In a home for the aged, an old man - a patient - was seen wandering aimlessly in
the lobby. Nurses and aides each told him to go back to his room. Few minutes later,
the janitor who had been scrubbing the floor approached the old man, took his hand,
and told him,” Sir, you look so tired. Let me help you to your room.” After having gently
helped the old man into bed, the janitor returned to the hall to continue cleaning.
“If your brother sins against you, go to him and show him his fault. But do it
privately, just between yourselves. If he listens to you, you have won your brother back”
(Matthew 18:15).
Catherine de Hueck Doherty said: “With the gift of listening come the gift of
healing; because listening to your brother or sister until they have said the last word in
their heart is healing and consoling.”
However, life is progressing towards perfect adjustment in a perfect society
where the interests of the individual will eventually harmonize and identify with the
interests of others.
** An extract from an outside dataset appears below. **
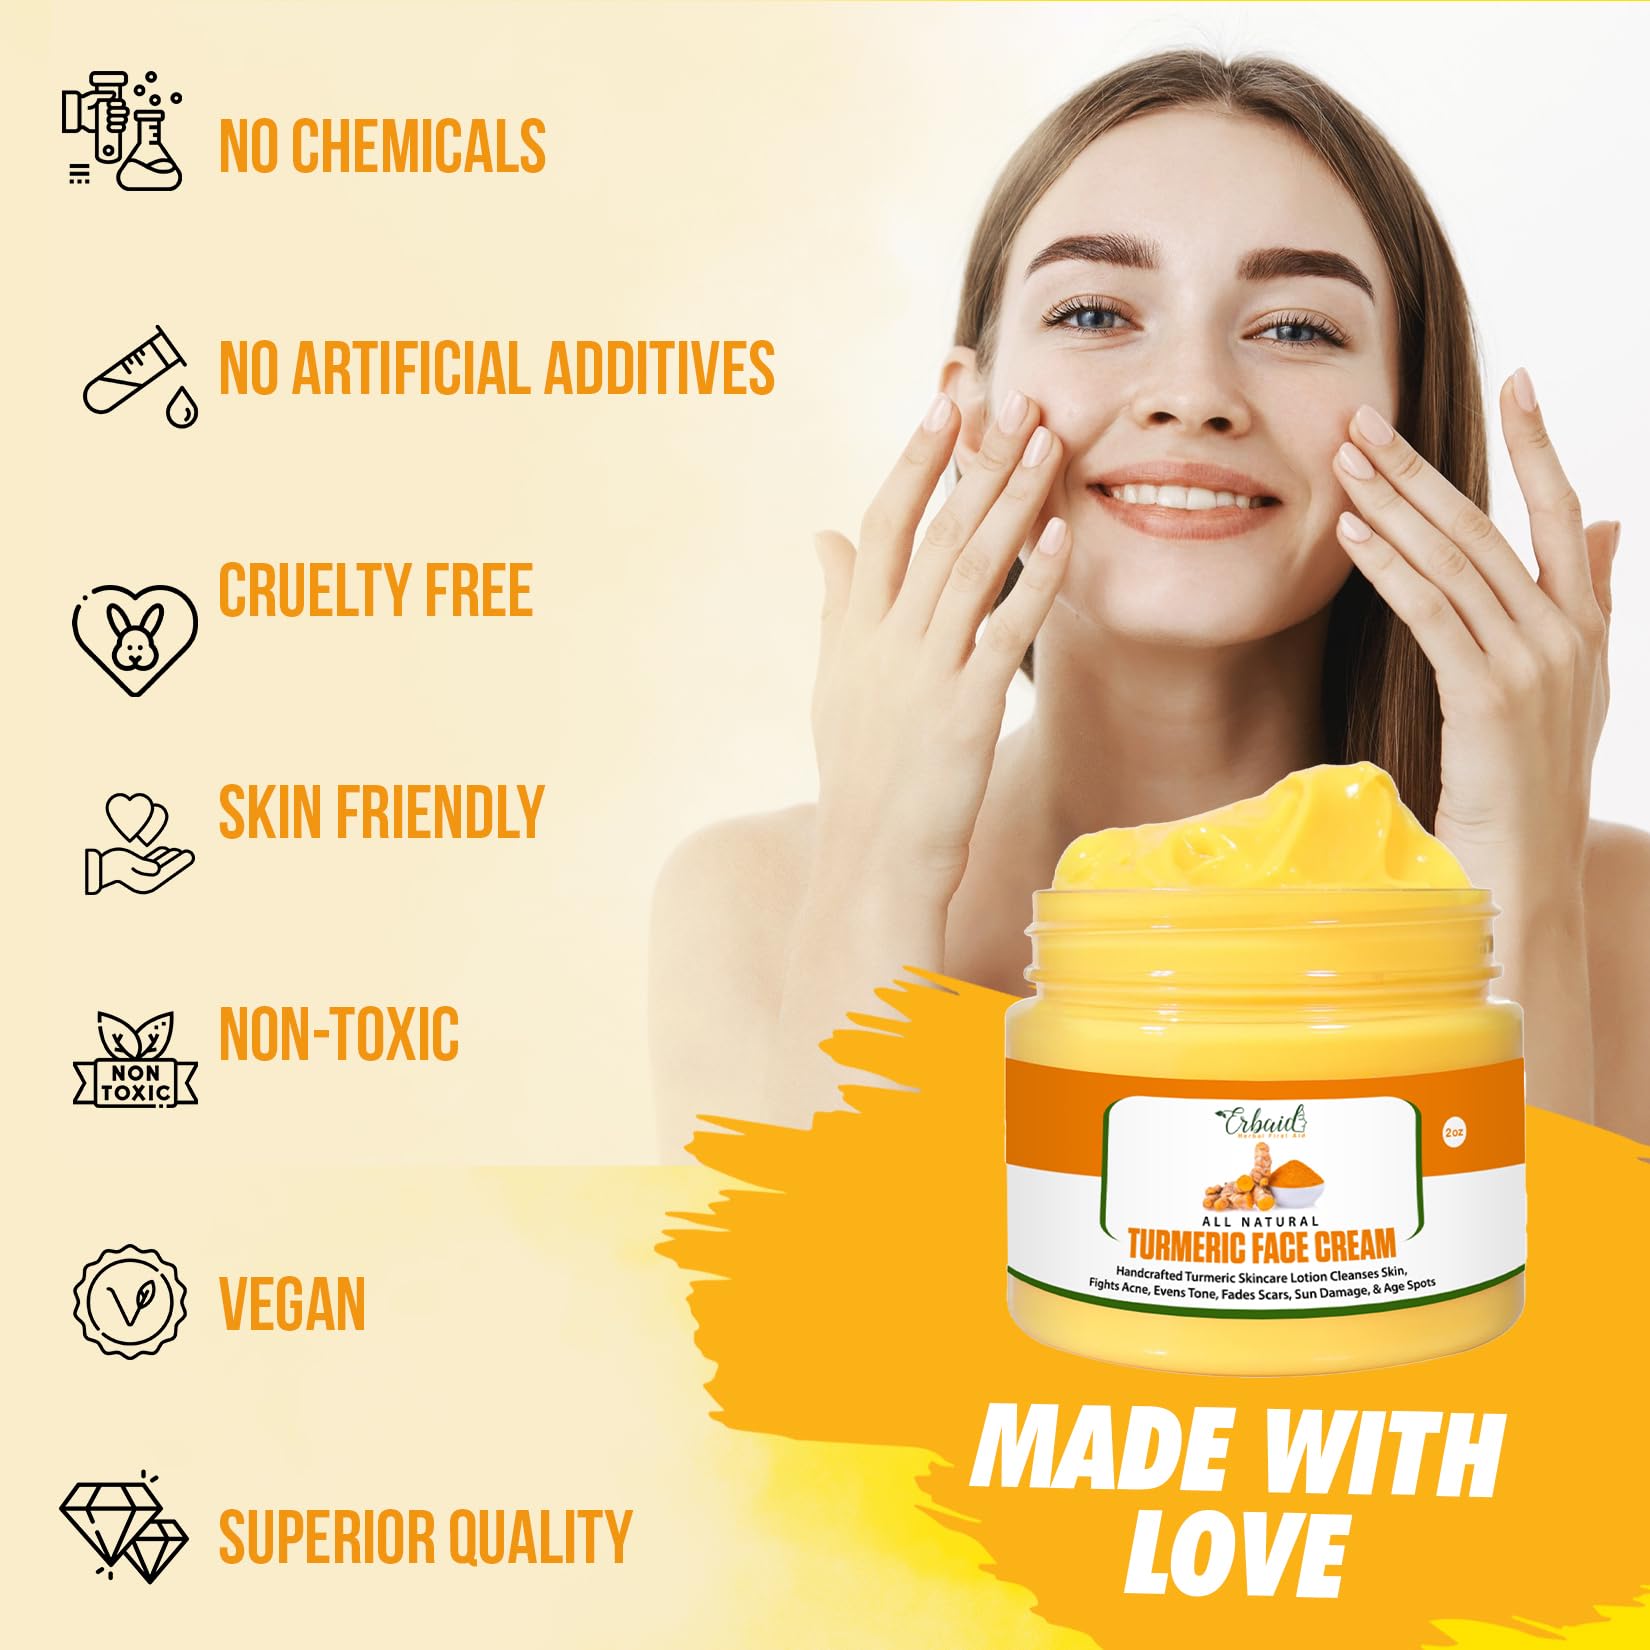 Turmeric Face Cream for Face & Body - All Natural Turmeric Skin Brightening Lotion - Turmeric Cleanses Skin, Fights Acne, Evens Tone, Fades Scars, Sun Damage, & Age Spots - Handcrafted Made in USA

But man is not yet adjusted. There is still too much selfishness, too
much egoism in man and too little of altruism at the same time.
According to Spencer, the essence of morality, and so with life, is the adjustment
of the individual to his fellowmen in a community. Good act, therefore, is that which
makes man well-adjusted to other people and bad act is that which makes man
miserable, unhappy due to maladjustment. In other words, what makes man good is his
good and well-balanced relationship with others. Therefore, Spencer’s essence of
morality lies in human relationship.